The battle lines are drawn, the players are ready.  Well . . . almost. One of the players is swinging from the goal post, and another won’t leave his mothers lap.  Half the defending team has their backs turned to the ball because the ice cream truck has driven by, three are already making a bee line to their parents screaming to get a treat.  Several players on offence have tackled each other to the ground in fits of giggles and screams.  And we pay to be a part of it.  Every year.

Coaches for preschool soccer have a tough job.  First, they must keep all the children on the field.  This is harder than it sounds. Children move like a group of cats, running in every which direction the wind takes them.  The children that the coaches manage to get on the field then must be herded towards the ball and convinced to kick it in a specific direction, namely, the goal.  There are always one or two that understand how the game works and will dutifully run and usually kick the ball out-of-bounds.  Other duties of the coaches include tying shoe laces, scooping downed children back on their feet, removing children from the goal posts, and being endlessly positive and perky.  They make nowhere near enough for all that.

The only thing that might be more amusing than watching the game is to listen to the parents in the side lines.  At the beginning of the season expectations are high and parents shout and cheer for their little one to kick goals or steal the ball from the other team.  As the season progresses these cheers change to more practical goals like not throwing fits when they don’t get a turn, or when someone breathes on them.  If you closed your eyes you might almost imagine you were at a dog park.  “Where’s the Ball Baby? Get the ball, get the ball!  Good girl!
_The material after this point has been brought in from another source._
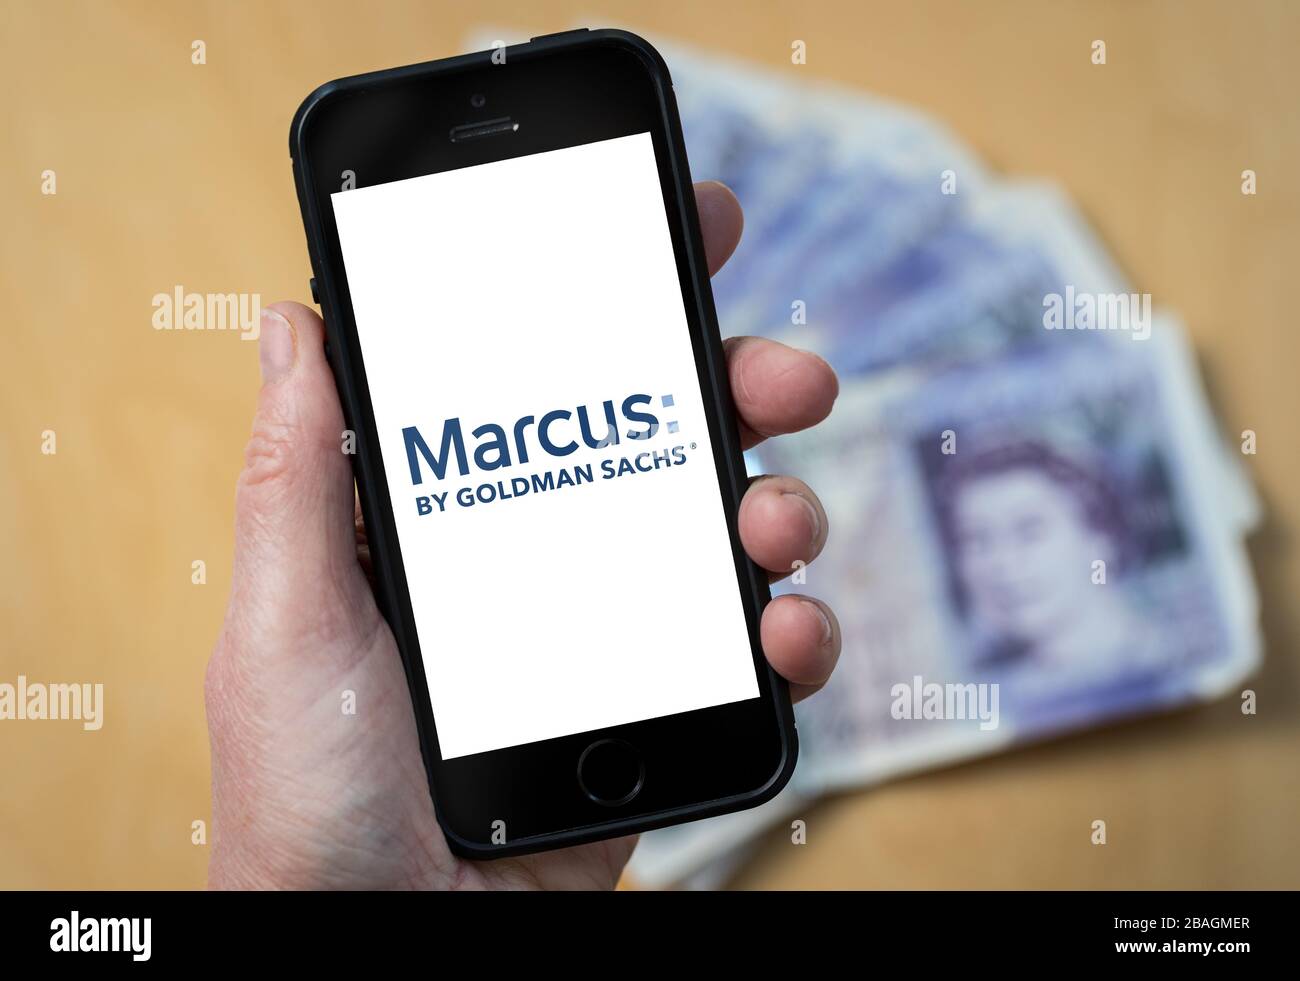 A woman looking at the Marcus Bank by Goldman Sachs logo on a mobile phone. (editorial Use Only) Stock Photo

Way to go!” 

At times as a parent it is necessary to make a few ridiculous rules to preserve some family dignity.  My #1 rule to my daughter – There is no crying in soccer.  She believed me for about the first five practices before she realized she’d been duped.  Another ridiculous rule – keep your shirt down.  For some reason soccer jerseys only come in one size for the little kids, super large.  The temptation of pulling the circus tent like shirt up and over the head for some is too hard to resist.

In the end, the pictures are taken, the trophies are given, and we all cheer that the season is over.